### [WHAT THE EXERCISE ASKS]
Make an exact copy, from the records below, of the lines from the line containing "Americana Restaurant London." to the line containing "K18YG/K18WG Diamond Earrings 0.24CT", both lines included, excluding pictures.

### [SUPPLIED MATERIAL]
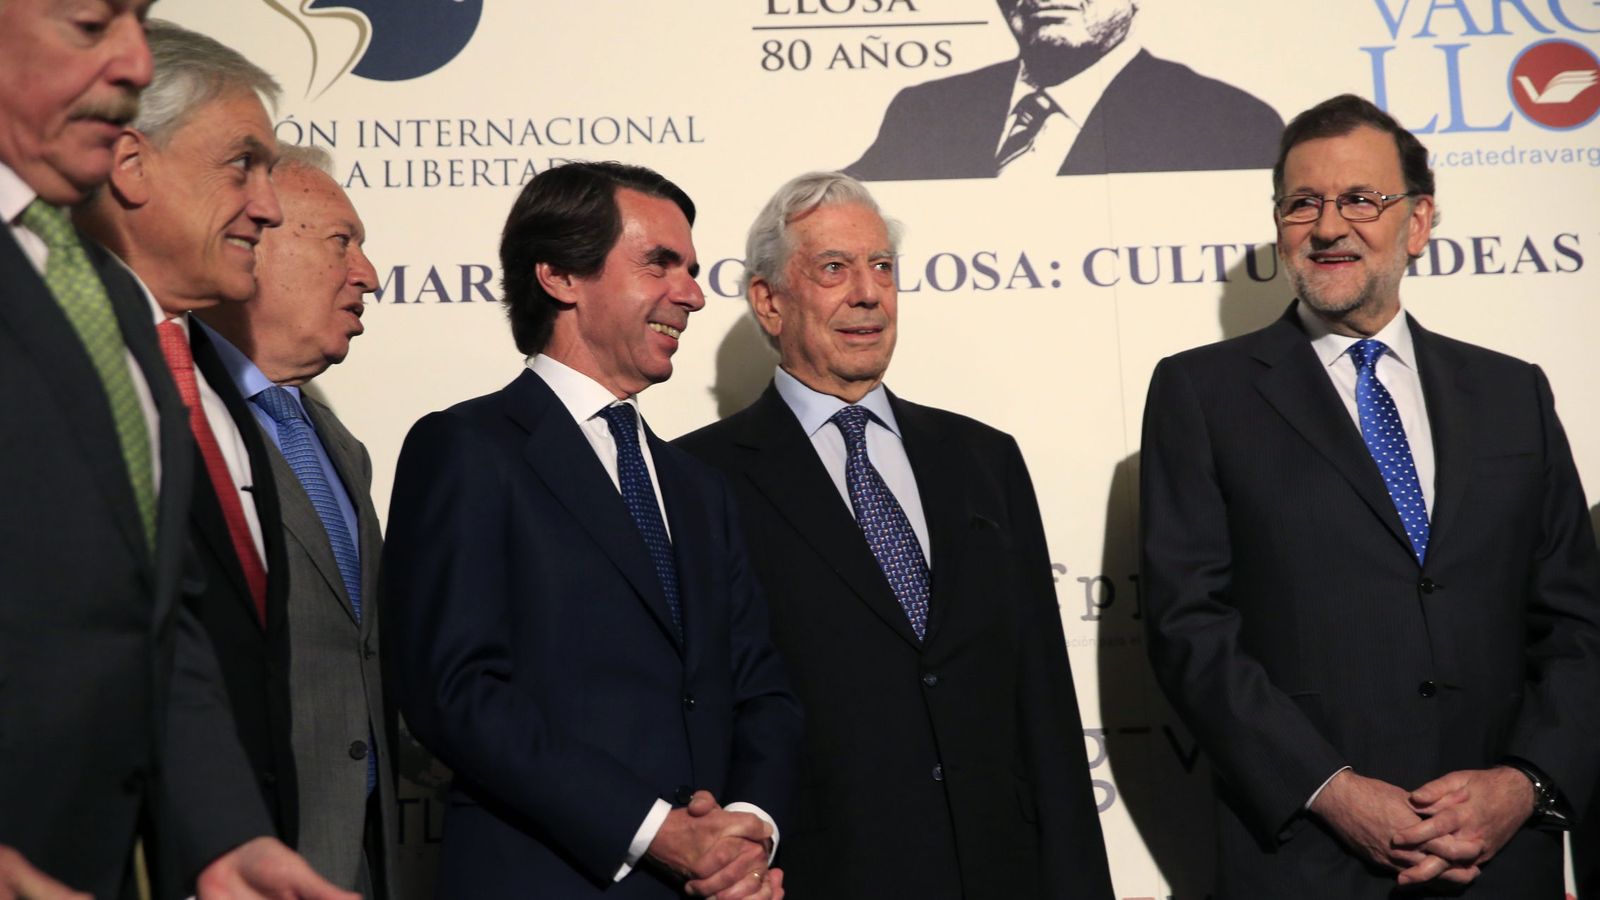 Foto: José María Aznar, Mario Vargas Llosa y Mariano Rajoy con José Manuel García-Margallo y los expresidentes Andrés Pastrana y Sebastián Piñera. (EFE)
* * *
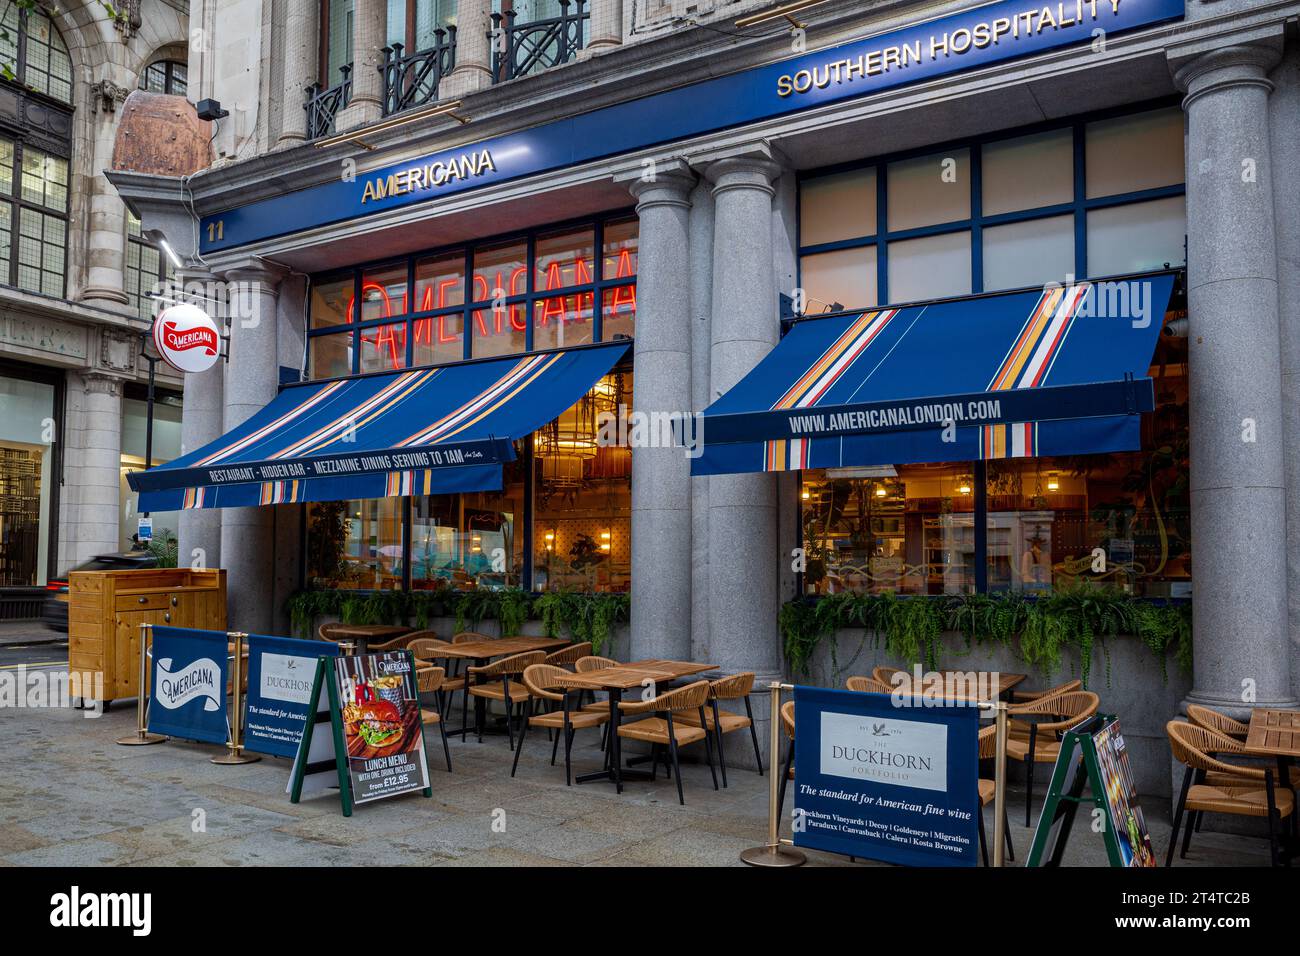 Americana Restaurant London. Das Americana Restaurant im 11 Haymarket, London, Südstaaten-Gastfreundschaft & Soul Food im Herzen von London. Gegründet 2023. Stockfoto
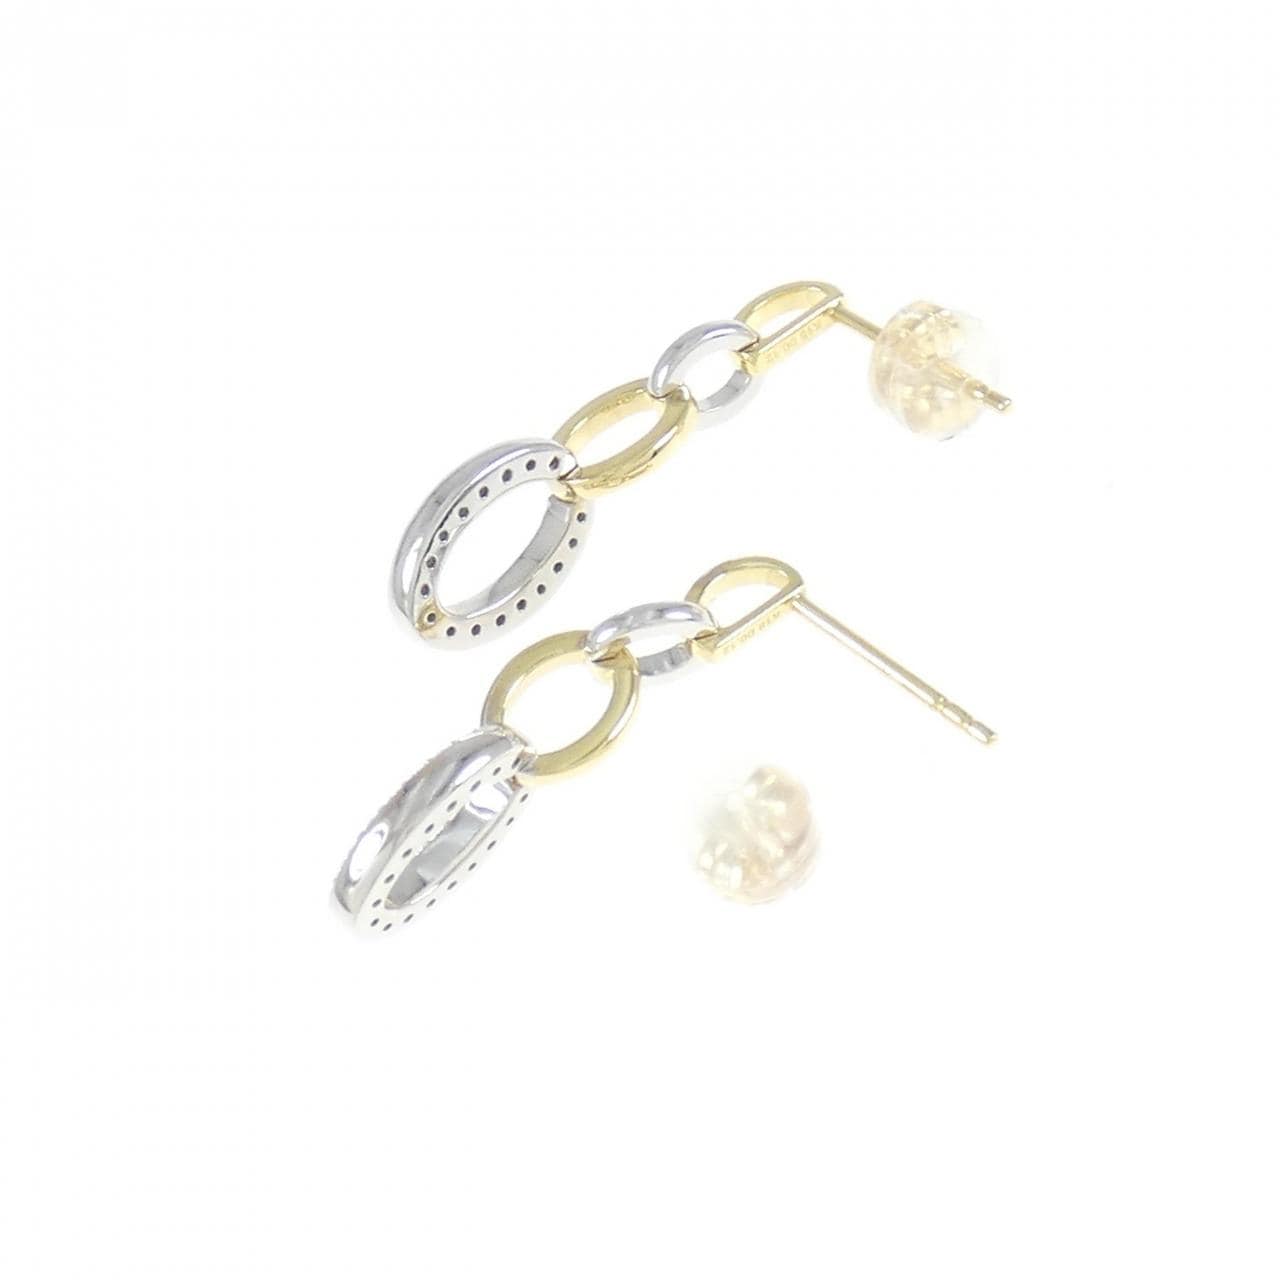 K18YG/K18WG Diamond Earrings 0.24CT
---
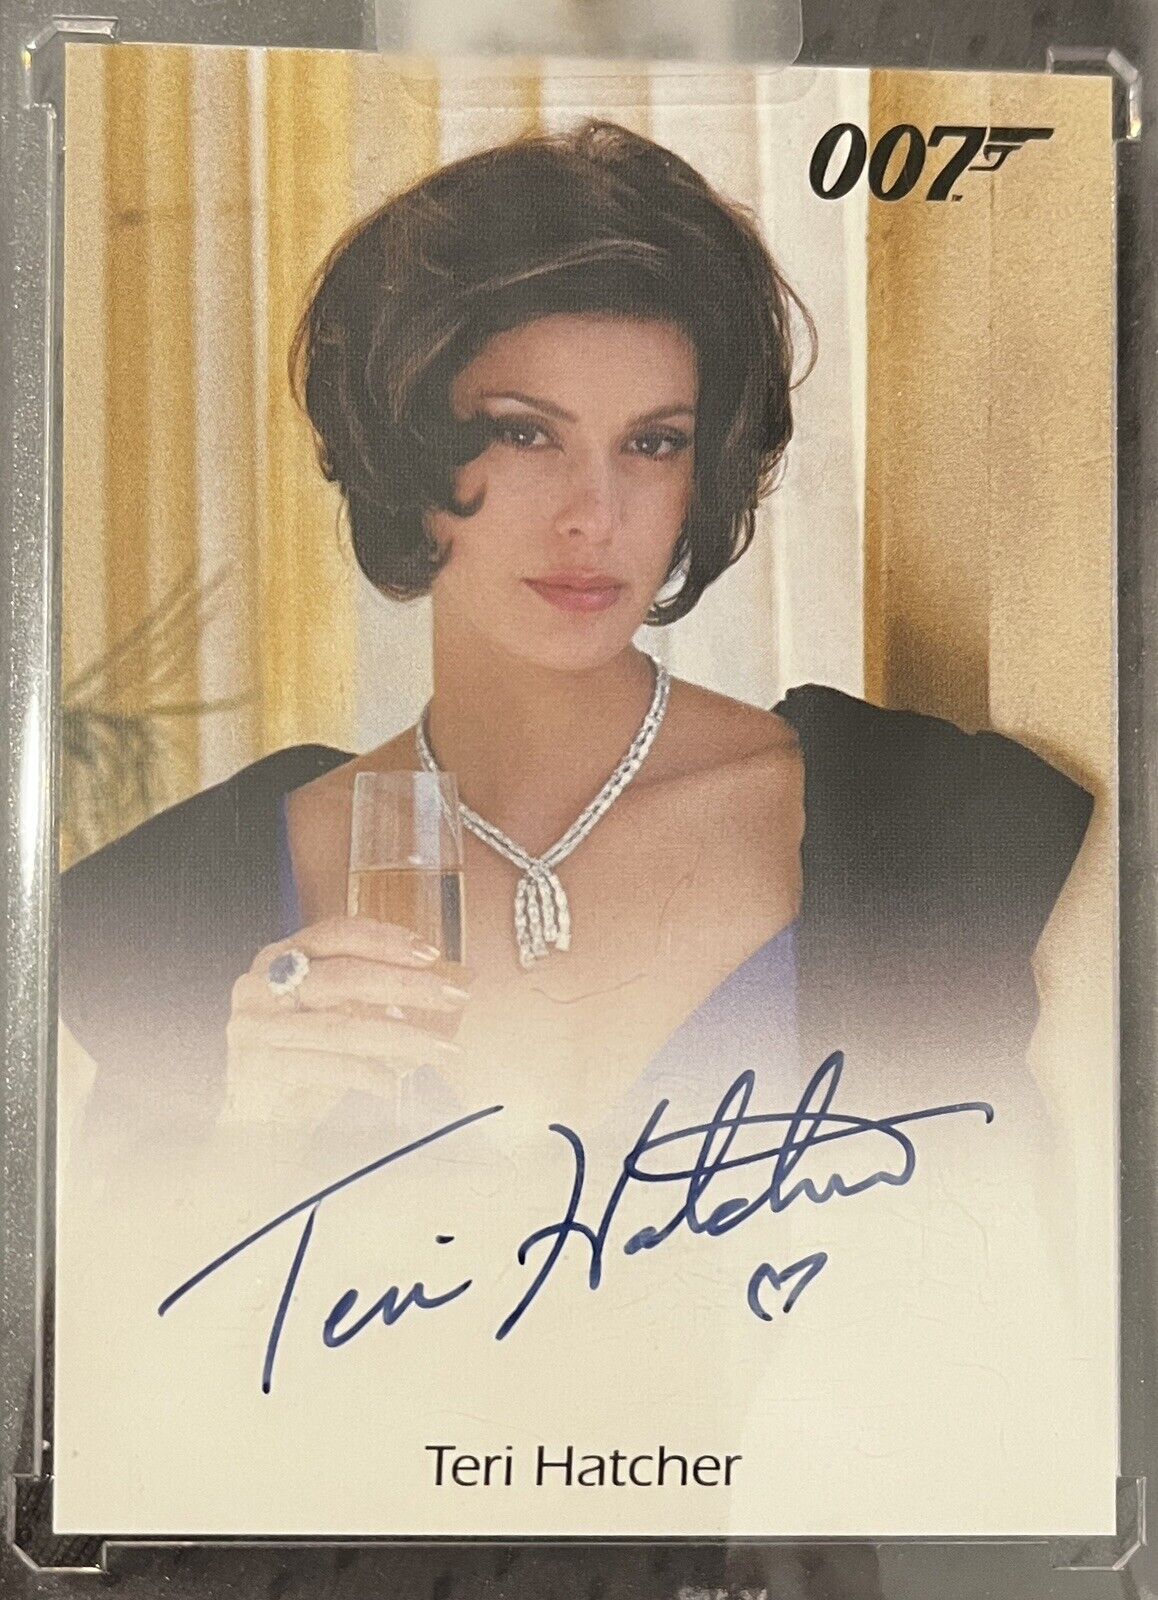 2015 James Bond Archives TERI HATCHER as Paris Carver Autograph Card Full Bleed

### [RESPONSE TO THIS EXERCISE]
 Americana Restaurant London. Das Americana Restaurant im 11 Haymarket, London, Südstaaten-Gastfreundschaft & Soul Food im Herzen von London. Gegründet 2023. Stockfoto
 K18YG/K18WG Diamond Earrings 0.24CT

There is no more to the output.